My sister and I were watching the Netflix series Behind Her Eyes, a psychological thriller which features a very handsome psychiatrist, played by actor Tom Bateman (pictured).
It featured a steamy sex scene (one of many) and my sister roared: “Oh, I hate that!!”
“Hate what??” I barked, irritated that I’d had to take my eyes off the gorgeous Tom, seconds before he screamed in ecstasy.
“When the man just sticks it in and she comes,” she said in a voice dripping with contempt.
After choking on my white wine, I had to agree with her. It’s most annoying because everyone knows it takes at least an hour and a bottle and a half of prosecco. So why do film and TV producers insist on portraying sex in this way?
I don’t know one woman who orgasms seconds after entry. Obviously, if you’re one of those lucky females do drop me a line at The Best Life Project and I’ll interview you because you’re such a rare phenomenon.
The way sex is portrayed on TV and in film has improved, but it still leaves a lot to be desired, simply because it’s so unrealistic.
The BBCiplayer French crime series Spiral featured a lot of rumpy pumpy, but it was very subtley done – half hidden breasts were pushed up against manly chests, the occasional thrusting buttock, that sort of thing. There was quite a bit of picking up of women and giving them a good rodgering on kitchen worktops, but it was proper classy.
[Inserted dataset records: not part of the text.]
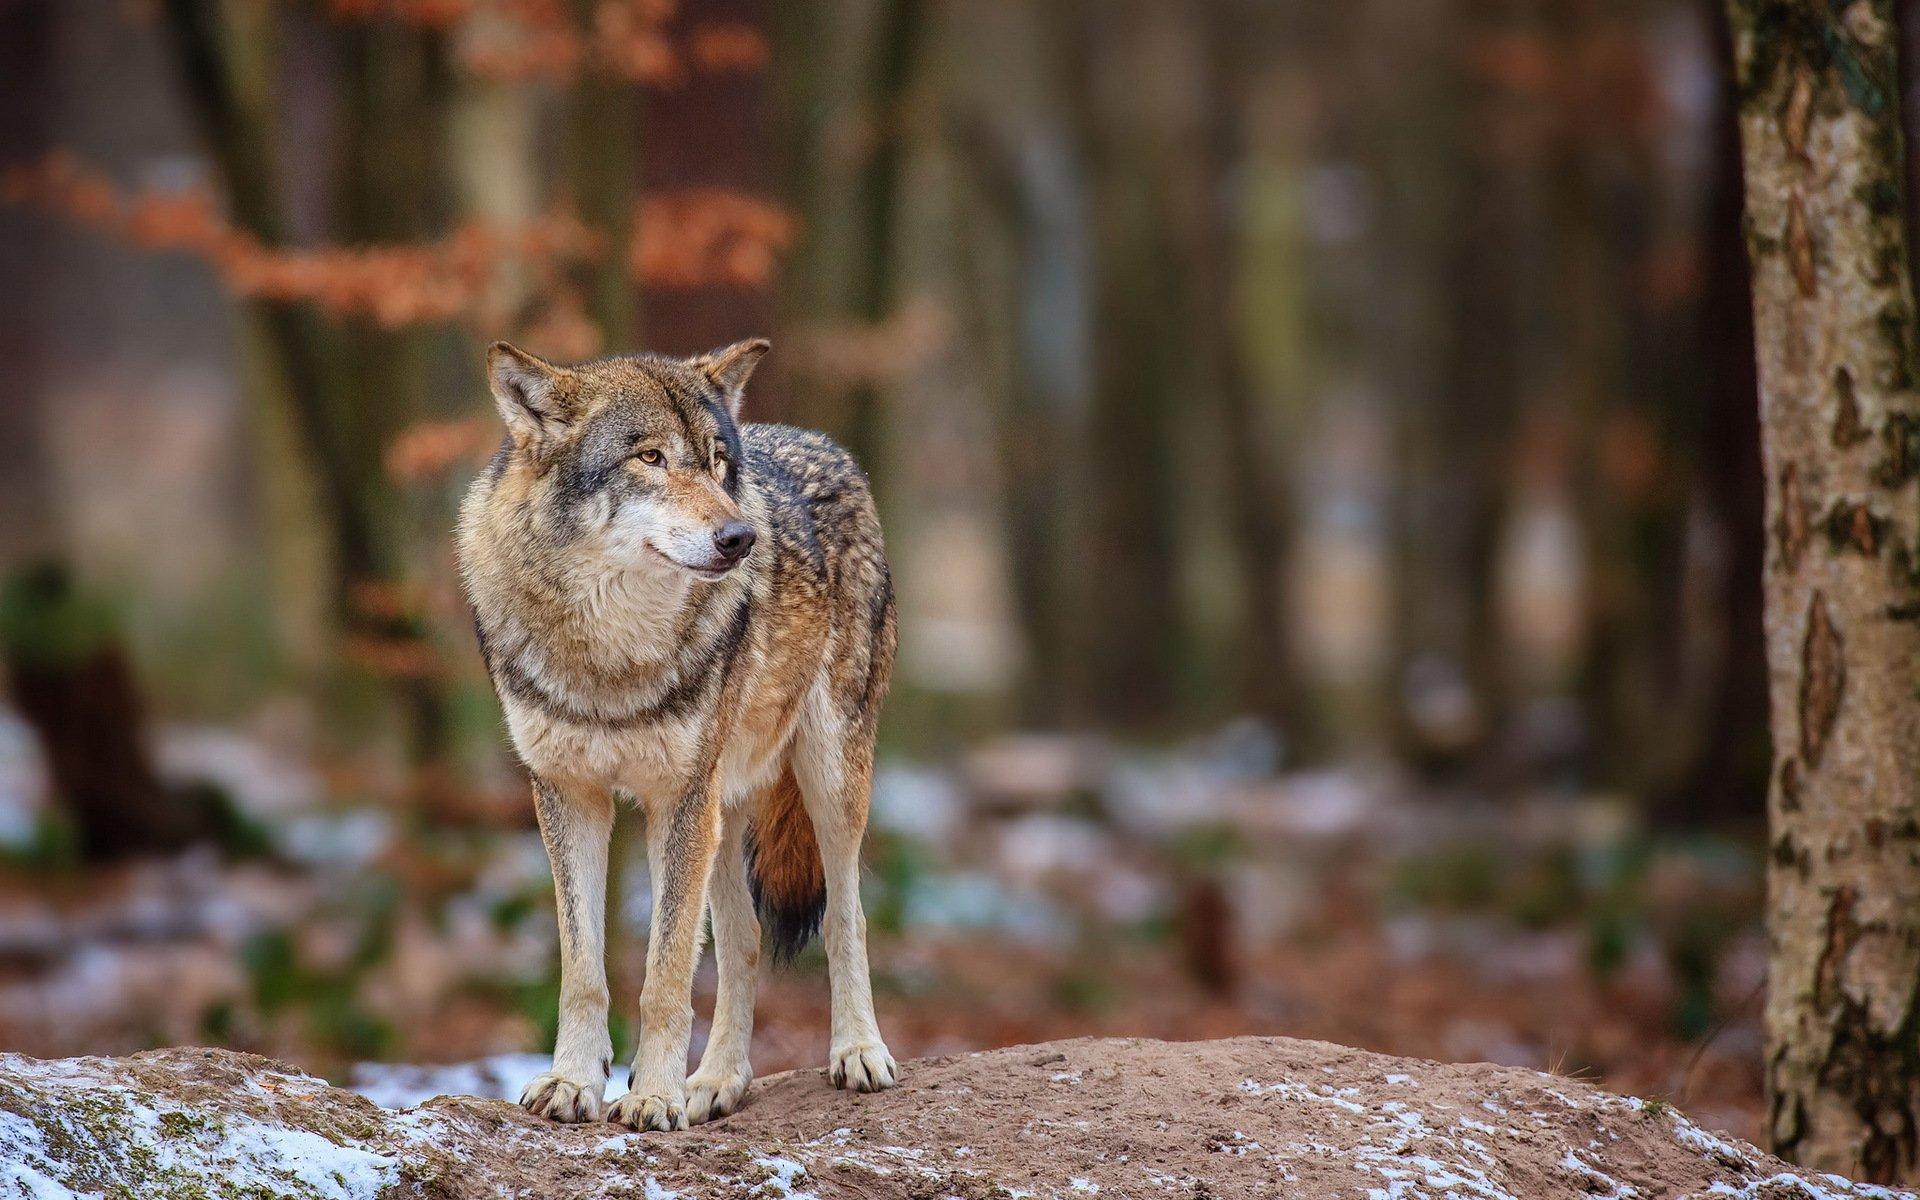 осенний лес картинки с волками россию
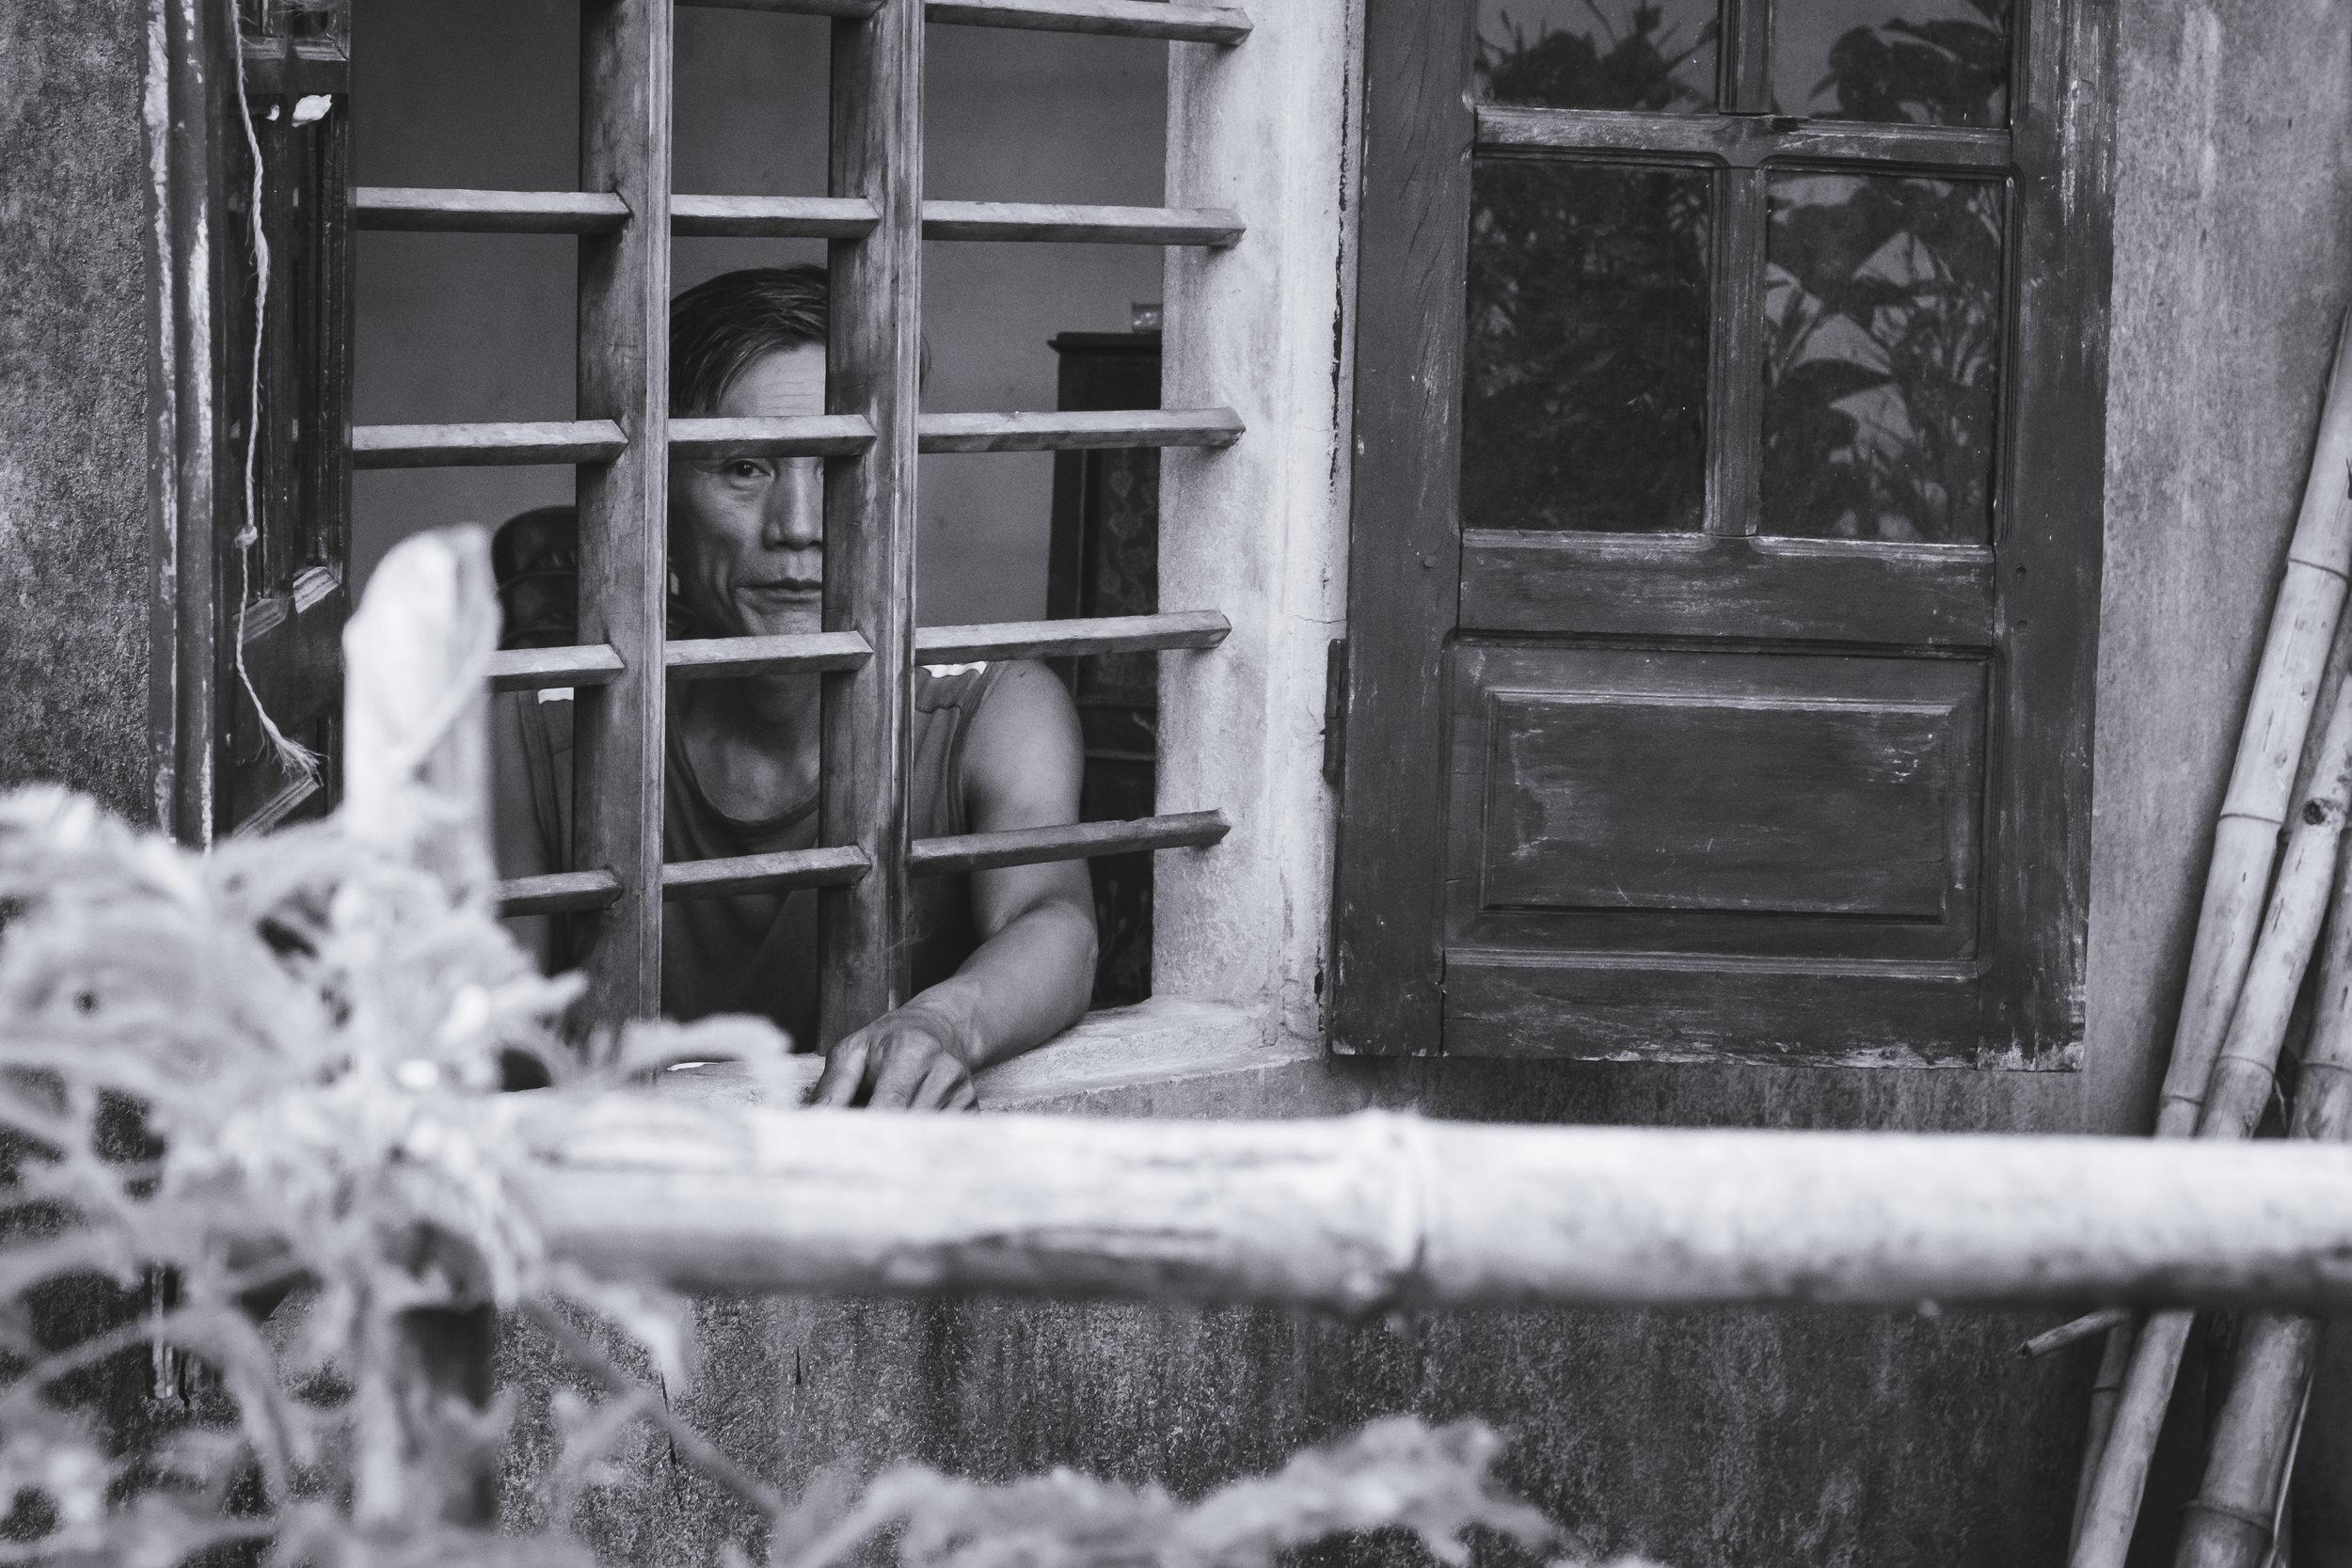 Vietnam-window-looker
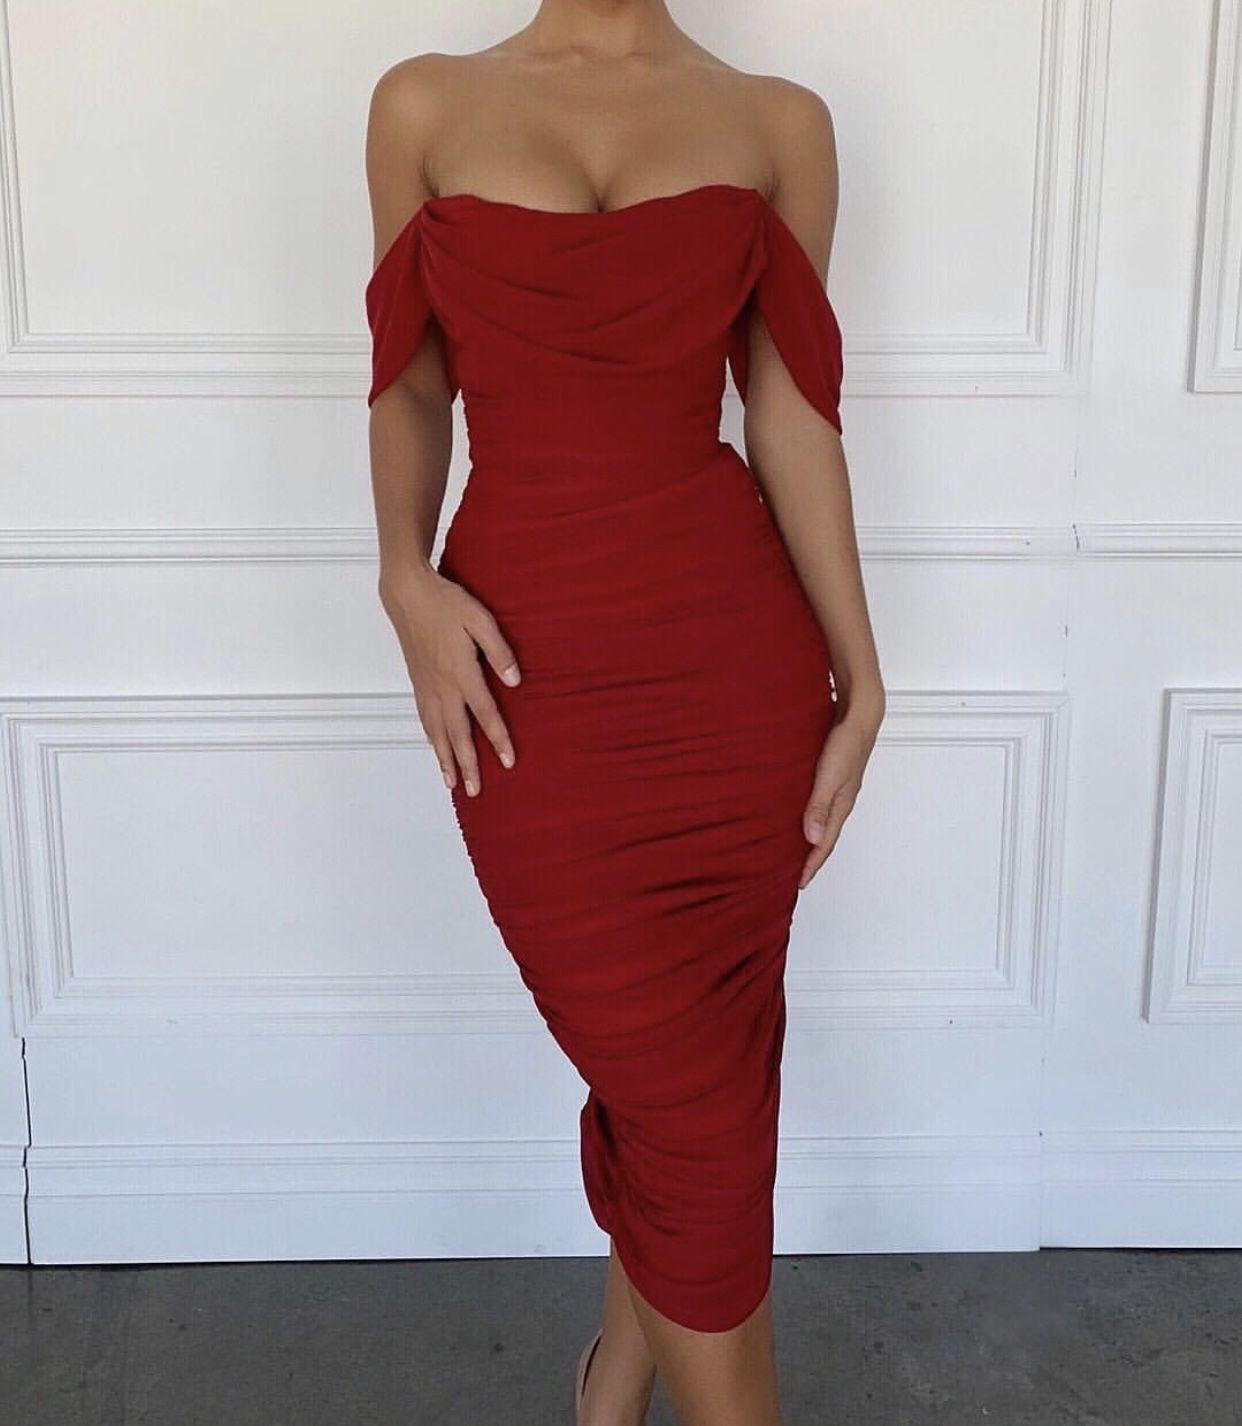 Carlotta Elegant Dresses For Women Red Homecoming Dresses Summer Dresses For Women

But in real life, do men do much picking up of women by their bottie cheeks to take them up against the washing machine? Maybe, if those women are tiny, very light and mid-cycle on a hot wash, but at 5ft 6 and 11 and a half stones, I’m not sure even Anthony Joshua could do the honours for me.
And what about the fact that men’s appendages rarely make the cut in TV and film. It’s changing slowly – but we women are still at the stage that we squeal in excitement whenever we get an onscreen flash of manhood. But, seriously, equality in nudity has not yet been achieved.
The exception was Normal People, The BBC’s raunchiest drama ever which included 41 minutes of sex scenes. It wasn’t me who counted them, by the way.
If you’ve not seen it, Paul Mescal, a 24-year-old Irish actor, plays the handsome and insecure Connell Waldron, a popular sports star with budding anxiety issues. Connell falls for Marianne Sheridan, played with painful sensitivity by the 21-year-old English actress Daisy Edgar-Jones.
But the big news was that Paul got his kit off for the cameras and we got to see his winky, and very impressive it was too. So much so that someone set up an Instagram account called Connell’s Chain in its honour.
Now, I’m not saying I want to see more willies on telly (Naked Attraction has cornered that market), but in the interests of equality, surely if a woman’s breasts and tuppence are on show it only stands to reason that so should a man’s meat and two veg.
So, if there are any film producers reading this, can you try to include some realistic sex in your work, please? It might take hours, involve some unsavoury sound effects and the odd no show, but at least it won’t leave women feeling inadequate because they’ve never achieved the 30-second orgasm, or emasculate men because they can’t support their partner’s weight during sex.
And, Anthony Joshua, if you need to up your weight training regime, just drop me a line. I’ll take one for the sisterhood.